Greek Finance Minister Yanis Varoufakis said Tuesday that he’s now aiming for a deal by June 5, when the first of almost 1.6 billion euros in IMF payments due next month must be made. U.S. Treasury Secretary Jacob J. Lew, who spoke Wednesday with Prime Minister Alexis Tsipras for the second time in less than a week, said he’ll push for movement in the standoff at a Group of Seven gathering for finance ministers and central bank governors in Germany.
“It’s time for everyone to park the rhetoric on the side and look for that sensible place where accommodation can be” Lew said at an event in London. “No doubt the worst and deepest consequence would be to Greece. But it's profoundly in the interest of the European and global economy for the accident to be avoided.”

Emergency Assistance
The European Central Bank Wednesday left the level of emergency cash available to Greek banks unchanged from a week ago at 80.2 billion euros ($87.6 billion), said two people familiar with the matter. Greek lenders still have a liquidity buffer of about 3 billion euros, one of the people said.
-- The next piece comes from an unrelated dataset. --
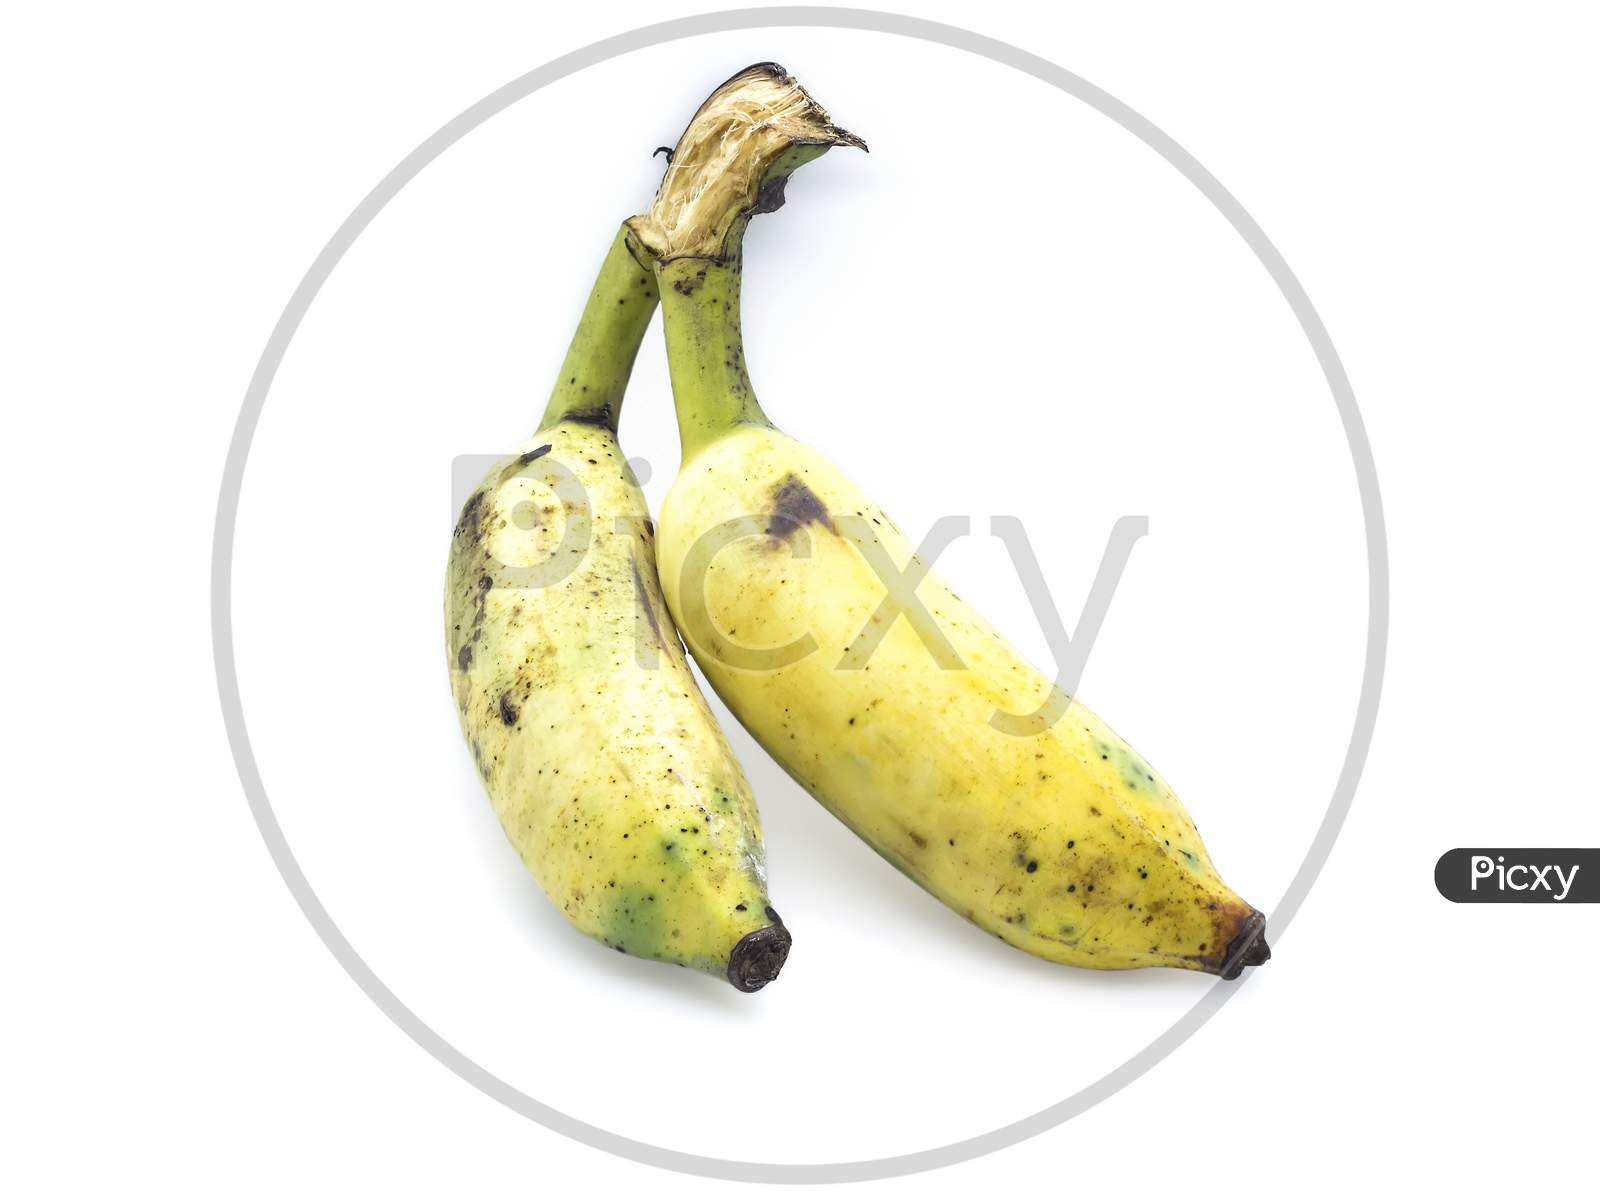 Bananas Isolated On White Background. Top View

The Bank of Greece didn’t ask for added funding because deposit outflows have stabilized, a Greek government official said. ECB and Bank of Greece spokesmen declined to comment. The lenders are reliant on the emergency assistance to stay afloat because they’ve lost access to capital markets and the ECB’s regular financing operations.
Greek shares rose Wednesday, with the benchmark Athens Stock Exchange gaining 0.7 percent at 3:31 p.m. local time. The gauge has fallen about 31 percent in the past 12 months, making it one of the worst performing major equity indexes tracked by Bloomberg. Yields on two-year notes climbed for a second day, gaining 18 basis points to 25.08 percent.

Months Behind
As the negotiations drag on, Greece has seen liquidity evaporate, pushing the economy back into recession. Record deposit withdrawals and the state’s increasing difficulty in meeting debt payments have renewed doubts about the country’s ability to stay in the euro. Key sticking points in the talks remain in areas such as budget targets, sales-tax rates, pension and labor market rules, Tsipras’s spokesman Gabriel Sakellaridis said Monday.
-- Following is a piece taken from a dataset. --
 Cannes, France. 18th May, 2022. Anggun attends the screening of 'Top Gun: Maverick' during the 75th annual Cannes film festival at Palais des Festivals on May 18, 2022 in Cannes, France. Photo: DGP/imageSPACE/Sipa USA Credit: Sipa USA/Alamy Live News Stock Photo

“We need to reach this deal very quickly because we are already almost months behind the original schedule,” European Commission Vice President Valdis Dombrovskis told reporters in Brussels. “Originally it was planned that technical negotiations should be concluded by end of April. Now we are at end of May.”
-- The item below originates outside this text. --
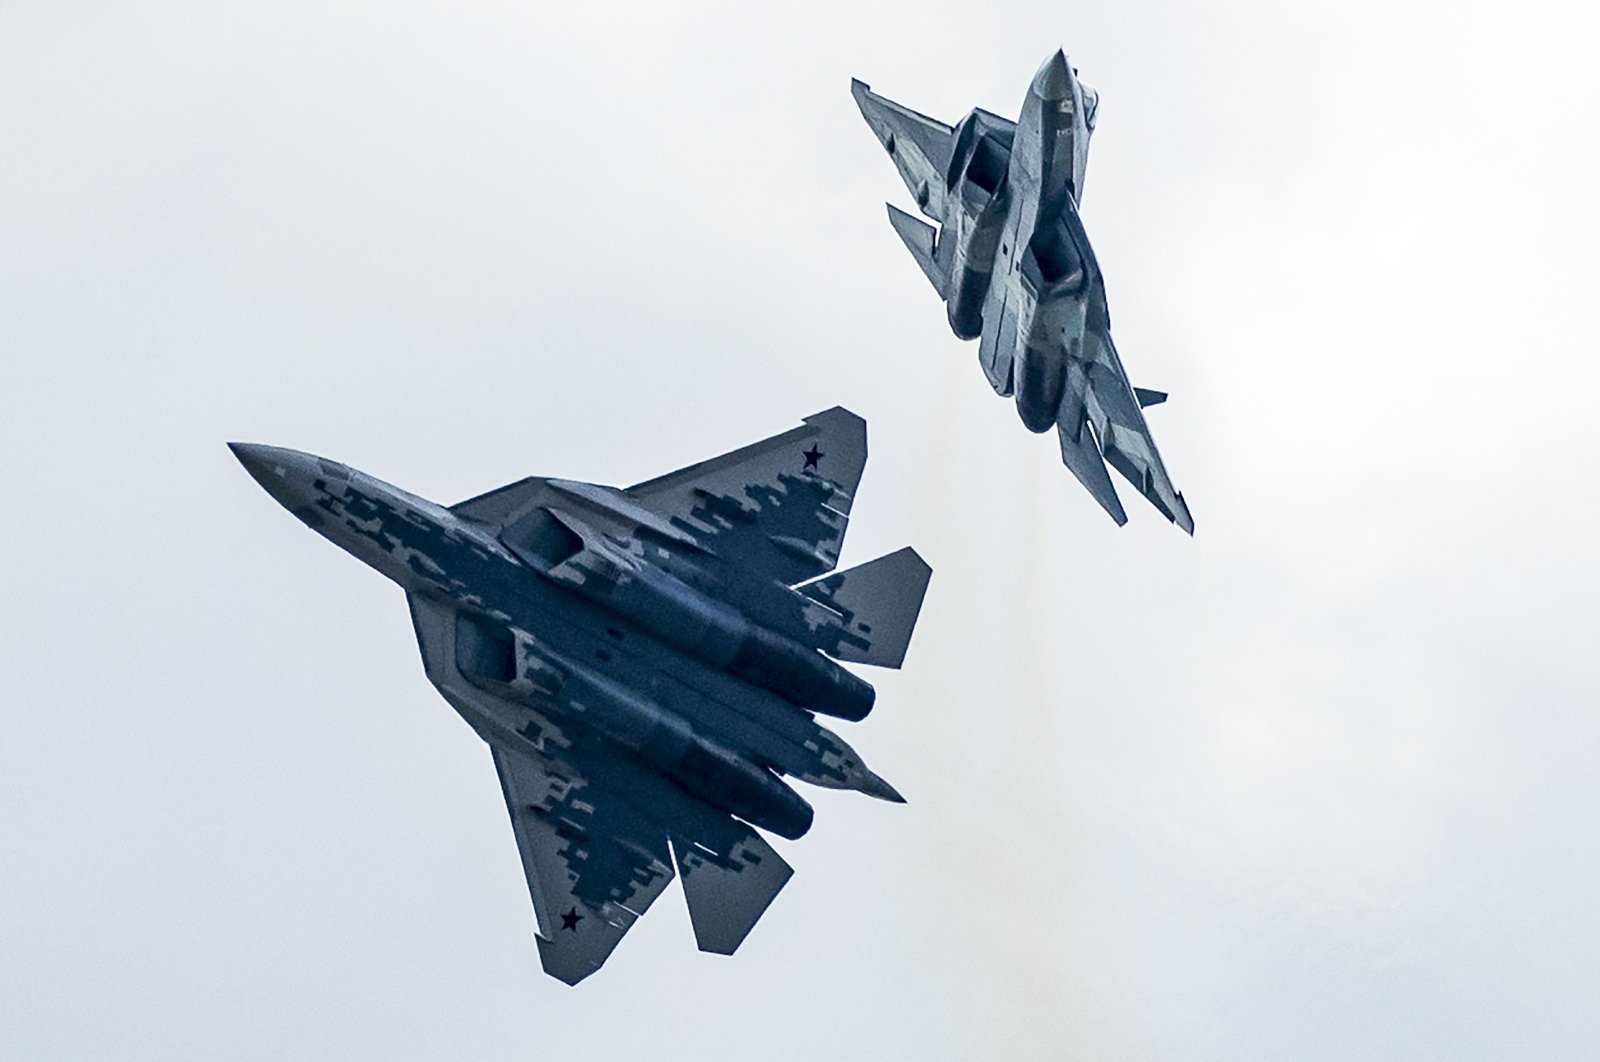 Russian Air Force Sukhoi Su-57 fifth-generation fighter jets perform during the MAKS-2019 International Aviation and Space Show in Zhukovsky, outside Moscow, Russia, Aug. 27, 2019. (AP Photo)

Even though no aid disbursements have been made to Greece since last summer, the country has managed to meet external payments by slowing down spending, building up arrears to suppliers and vendors, encouraging citizens to pay overdue taxes, and seizing the cash reserves of regional governments, hospitals, universities, and other public entities.
An exit from the euro “would be a full-scale disaster for Greece, including the collapse of its banks, severe devaluation of its new currency, poverty and hyperinflation,” said Nicholas Economides, an economics professor at New York University’s Stern School of Business.